• _Exercise instructions_
Find every line below where the string "Ideas" shows up, and copy those lines.

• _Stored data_
BEGIN
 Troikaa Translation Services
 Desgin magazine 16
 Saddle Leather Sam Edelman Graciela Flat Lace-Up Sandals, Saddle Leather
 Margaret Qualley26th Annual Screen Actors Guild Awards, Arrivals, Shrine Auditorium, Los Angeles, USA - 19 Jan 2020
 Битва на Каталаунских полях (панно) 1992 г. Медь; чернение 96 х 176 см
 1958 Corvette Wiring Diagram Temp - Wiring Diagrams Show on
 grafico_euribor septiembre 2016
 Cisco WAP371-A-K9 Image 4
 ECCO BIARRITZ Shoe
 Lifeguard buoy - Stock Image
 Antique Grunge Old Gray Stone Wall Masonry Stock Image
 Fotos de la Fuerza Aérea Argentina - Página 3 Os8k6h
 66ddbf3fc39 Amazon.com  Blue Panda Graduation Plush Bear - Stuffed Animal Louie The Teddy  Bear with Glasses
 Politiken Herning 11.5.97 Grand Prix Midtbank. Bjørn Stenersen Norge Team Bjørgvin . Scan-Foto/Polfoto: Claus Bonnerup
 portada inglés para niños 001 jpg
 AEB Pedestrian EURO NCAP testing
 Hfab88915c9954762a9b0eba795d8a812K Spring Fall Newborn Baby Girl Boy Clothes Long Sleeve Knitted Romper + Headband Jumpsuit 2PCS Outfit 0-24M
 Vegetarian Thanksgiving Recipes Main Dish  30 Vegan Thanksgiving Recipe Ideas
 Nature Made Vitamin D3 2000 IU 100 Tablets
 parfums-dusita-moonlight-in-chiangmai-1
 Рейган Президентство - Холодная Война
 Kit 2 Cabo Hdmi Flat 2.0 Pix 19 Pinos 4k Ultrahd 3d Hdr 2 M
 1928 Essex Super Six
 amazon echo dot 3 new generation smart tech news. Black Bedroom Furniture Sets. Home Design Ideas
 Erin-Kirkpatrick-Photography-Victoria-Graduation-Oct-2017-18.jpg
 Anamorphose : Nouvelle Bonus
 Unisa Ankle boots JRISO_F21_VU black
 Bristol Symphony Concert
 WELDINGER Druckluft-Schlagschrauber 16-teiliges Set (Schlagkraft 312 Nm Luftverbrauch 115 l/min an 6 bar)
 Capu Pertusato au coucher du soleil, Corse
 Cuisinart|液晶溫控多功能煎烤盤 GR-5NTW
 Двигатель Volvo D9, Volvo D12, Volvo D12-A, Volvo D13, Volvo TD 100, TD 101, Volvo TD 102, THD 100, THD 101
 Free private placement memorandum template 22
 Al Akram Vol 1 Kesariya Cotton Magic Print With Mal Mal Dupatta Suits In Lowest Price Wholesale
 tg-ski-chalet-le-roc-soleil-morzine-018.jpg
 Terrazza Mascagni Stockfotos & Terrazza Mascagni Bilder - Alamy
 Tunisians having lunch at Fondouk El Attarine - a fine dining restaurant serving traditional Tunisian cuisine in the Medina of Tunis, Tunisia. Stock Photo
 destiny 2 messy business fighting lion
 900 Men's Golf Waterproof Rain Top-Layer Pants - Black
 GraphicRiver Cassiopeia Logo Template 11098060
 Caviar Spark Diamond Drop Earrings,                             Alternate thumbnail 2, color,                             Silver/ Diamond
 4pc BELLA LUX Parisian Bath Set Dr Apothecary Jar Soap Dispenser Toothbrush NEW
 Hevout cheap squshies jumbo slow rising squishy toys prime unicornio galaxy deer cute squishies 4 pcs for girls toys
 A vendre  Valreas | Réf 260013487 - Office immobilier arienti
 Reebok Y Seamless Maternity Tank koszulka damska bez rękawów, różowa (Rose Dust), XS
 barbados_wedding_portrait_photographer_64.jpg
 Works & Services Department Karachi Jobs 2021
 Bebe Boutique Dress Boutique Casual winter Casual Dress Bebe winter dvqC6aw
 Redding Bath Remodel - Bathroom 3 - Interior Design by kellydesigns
END
• _Solution to this task_
 Vegetarian Thanksgiving Recipes Main Dish  30 Vegan Thanksgiving Recipe Ideas
 amazon echo dot 3 new generation smart tech news. Black Bedroom Furniture Sets. Home Design Ideas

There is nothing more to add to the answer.